Except for a few parts of town too historic or poor to mess with, Tucson looks just like Orange County now. There’s Coco’s and Carl’s Jr. and auto malls with familiar names like Tuttle and Click, and Dunkin’ Donuts, Pizza Huts, strip malls (the certified equivalent of strip mining), K marts and other totems of our advanced culture.

Fifteen years ago if you were in Tucson, you knew it. It felt different, looked different. The food wasn’t called “Southwestern” then; they just cooked it that way because they liked it. Now half the places here look like copies of California “Southwestern”-theme restaurants.
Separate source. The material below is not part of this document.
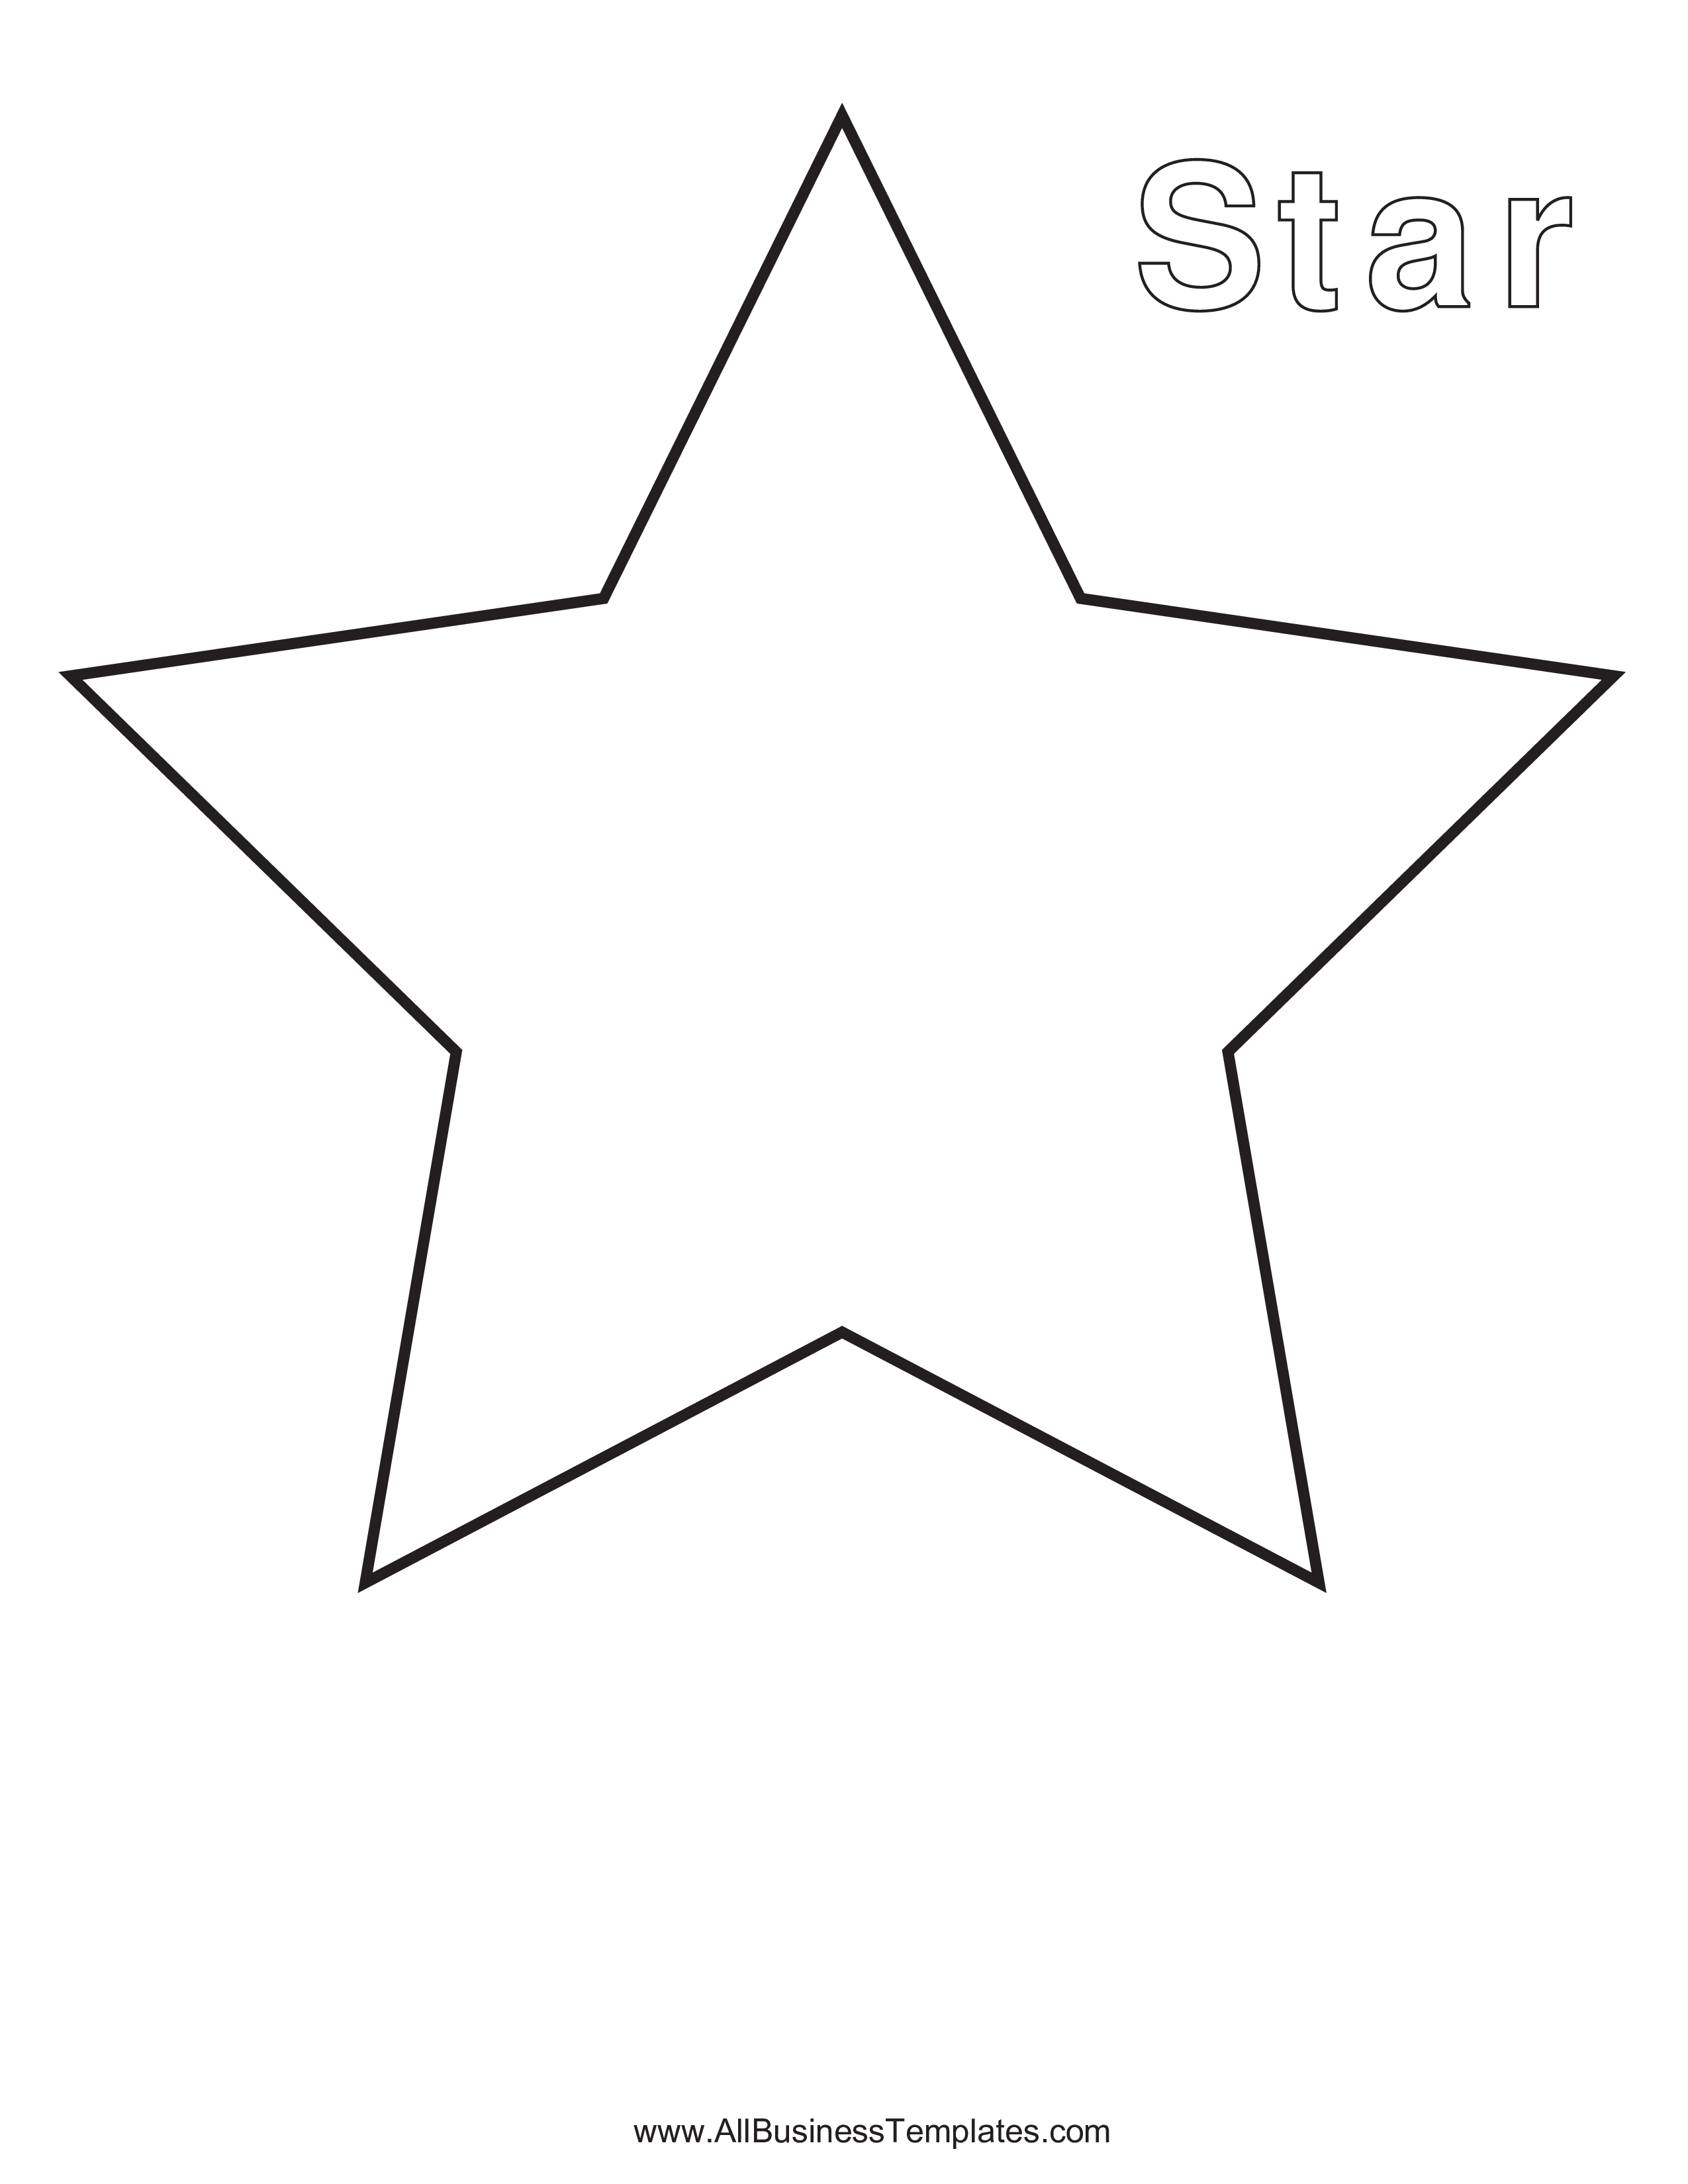 Simple Star Template main image

California, of which we’re a choice part, long has influenced the tastes of the nation. Surf guitar king Dick Dale recalls a time in the early ‘60s when you could be traveling in land-locked Midwestern states and see kids cruising in Woodies with surfboards in the back, just trying to claim a piece of the action that is our birthright. Back then it was all sunshine, Chicken Delight and 15-cent bags of McDonald’s fries, and it was pretty darn nice of us to share it with the rest of the world.

Now that there’s a McDonald’s on every block of the nation, along with 46 other prefab franchises, maybe enough is enough. Looking at Tucson and other once-unique towns, now made into ersatz Tang versions of Orange County, I think something has to be done, and maybe it is DESTROY ORANGE COUNTY. It’s not the whole answer, but at least it would be our way of saying “We’re doing our part.”

How, then, could we cease to be? Biblical perils might not do the trick: floods aren’t working; a plague of locusts would seem redundant, considering all the lawyers we have, and if we all were made to speak different languages, would there be a difference these days?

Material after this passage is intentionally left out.